A standard way to launch PhylDiag is
src/phylDiag.py data/Homo.sapiens.genome.bz2 data/Mus.musculus.genome.bz2 data/Euarchontoglires.families.bz2 --tandemGapMax=5 --gapMax=5 --truncationMax=5 > res/consevedSegments.txt
Adding '--verbose' returns more information in logErr
src/phylDiag.py data/Homo.sapiens.genome.bz2 data/Mus.musculus.genome.bz2 data/Euarchontoglires.families.bz2 --tandemGapMax=5 --gapMax=5 --truncationMax=5 --verbose > res/consevedSegments.txt 2> res/logErr.txt
This viewer draw homology matrices with conserved segments.
src/phylDiagViewer.py --help
returns
usage: phylDiagViewer.py [-h] [-m MINCHRLEN]

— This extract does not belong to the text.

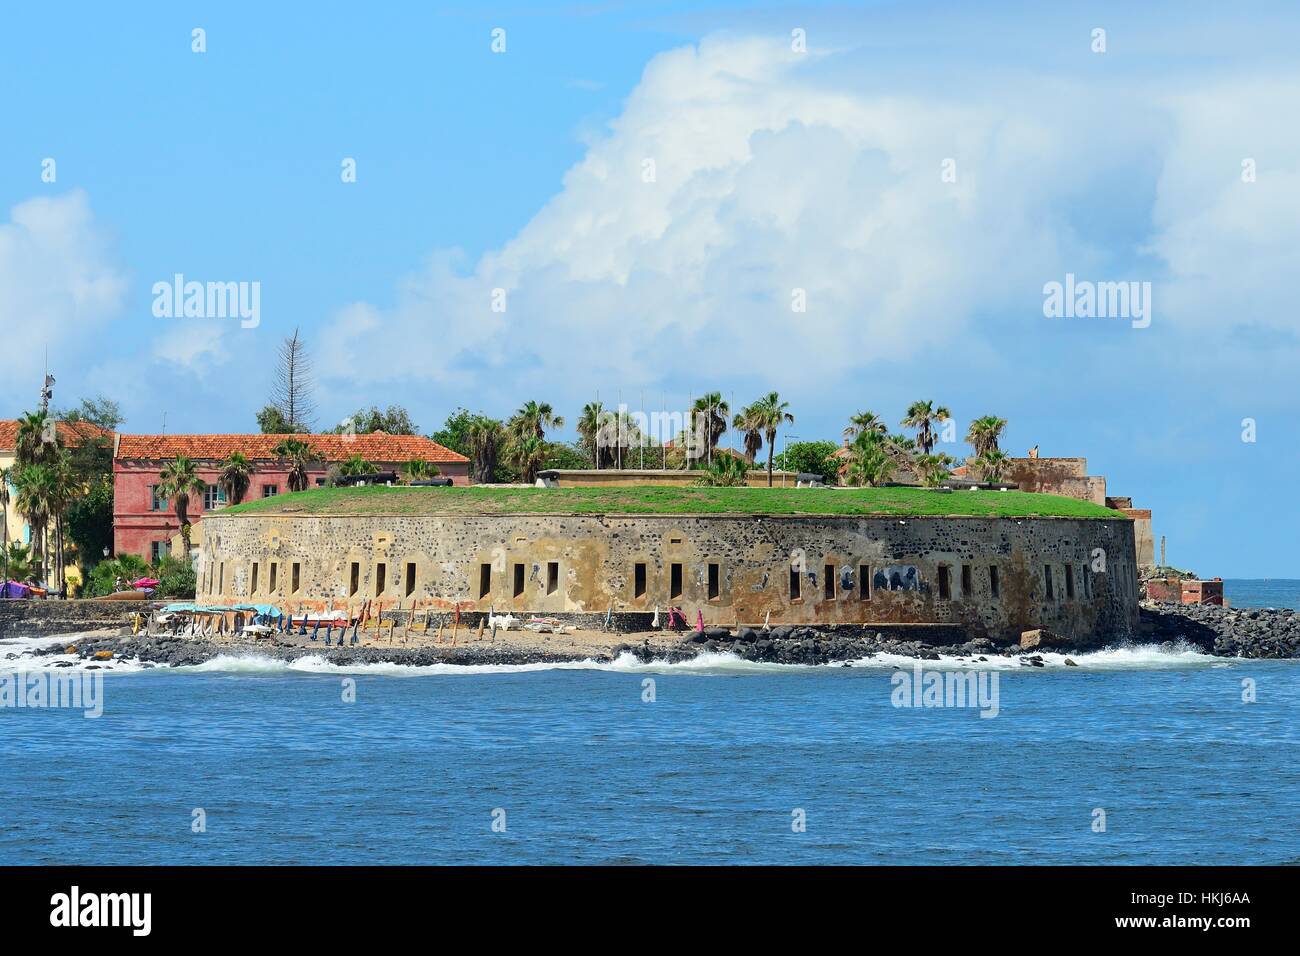 Fort d'Estrées, slave island, Île de Gorée, Dakar, Senegal Foto Stock

[-f {None,InBothGenomes,InFamilies}]
[-t TANDEMGAPMAX] [-d {MD,ED,DPD,CD}] [-g GAPMAX]
[--imr | --no-imr] [--imcs | --no-imcs] [--mmg MMG]
[--truncation | --no-truncation]
[--truncationMax TRUNCATIONMAX] [-v]
[--ROI1 chr1:beg1-end1] [--ROI2 chr2:beg2-end2]

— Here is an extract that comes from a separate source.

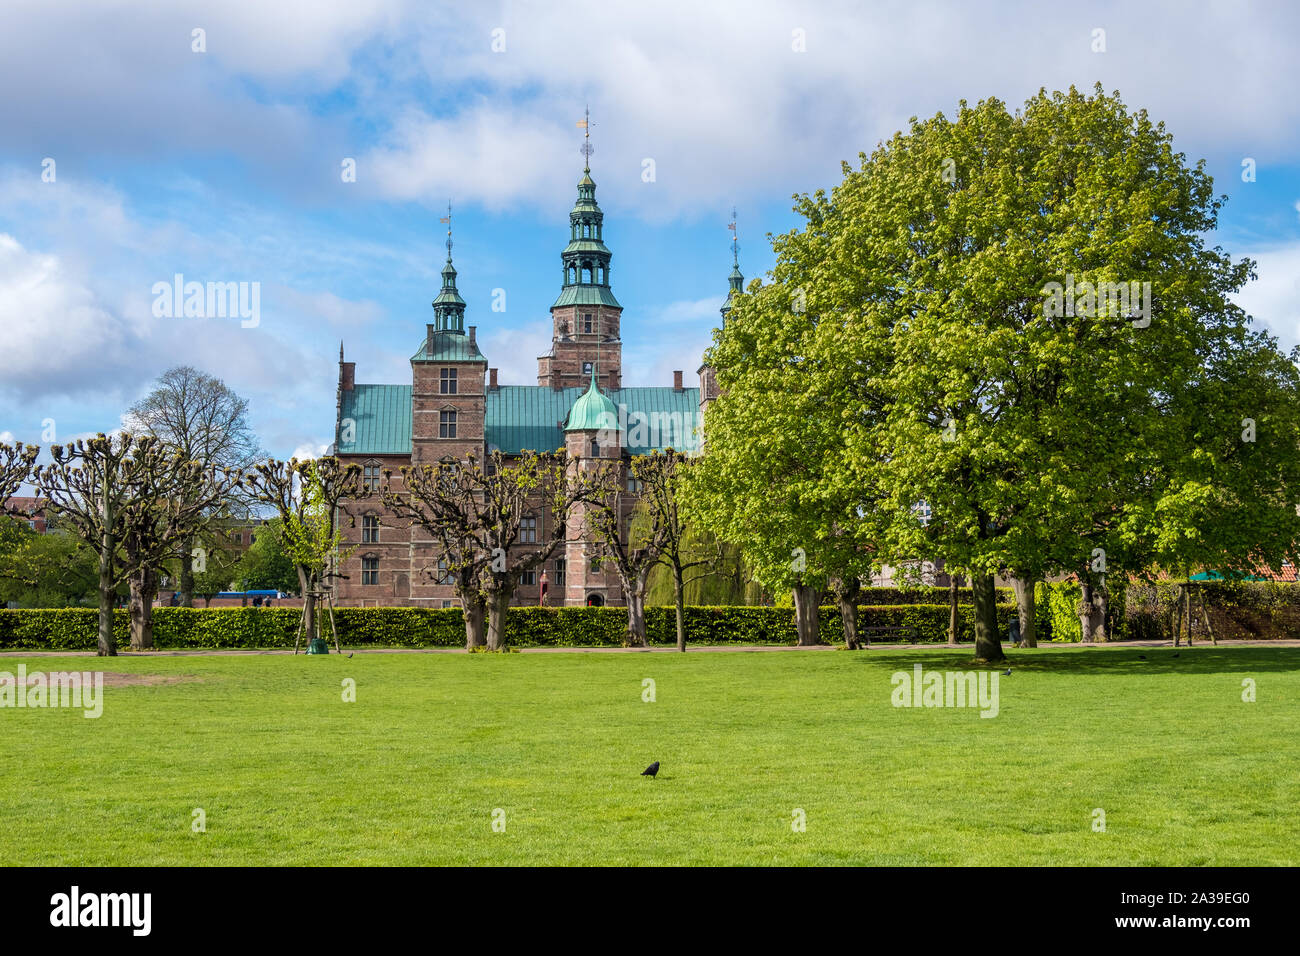 Copenhagen, Denmark - May 04, 2019: Rosenborg Castle and King's Garden in central Copenhagen, Denmark Stock Photo

[--withSbs | --withoutSbs] [-s INSBS] [-i] [-b] [-r]
[-a SCALERECTS] [--considerAllComps] [-l] [-o OUTSBS]
G1 G2 F IMAGE
Graphical visualisation of synteny blocks in homology matrices
positional arguments:
G1 genome1
G2 genome2
F set of gene families
IMAGE path to the returned image.svg
optional arguments:
-h, --help show this help message and exit
... (same as with phylDiag)
--ROI1 chr1:beg1-end1
region of interest (ROI) on the first genome (default:
None)
--ROI2 chr2:beg2-end2
region of interest (ROI) on the second genome
(default: None)
--withSbs draw sbs in the homology matrix (default: True)
--withoutSbs
-s INSBS, --inSbs INSBS
synteny blocks to draw (*.sbs) (default: None)
-i, --withSbIds draw ids of synteny blocks (default: False)
-b, --geneIdxsToTbIdxs
convert gene idxs to tandem block idxs (default:
False)
-r, --chrsInTbs draw chromosomes in tandem blocks (after collapsing
clusters of tandem duplicates) (default: False)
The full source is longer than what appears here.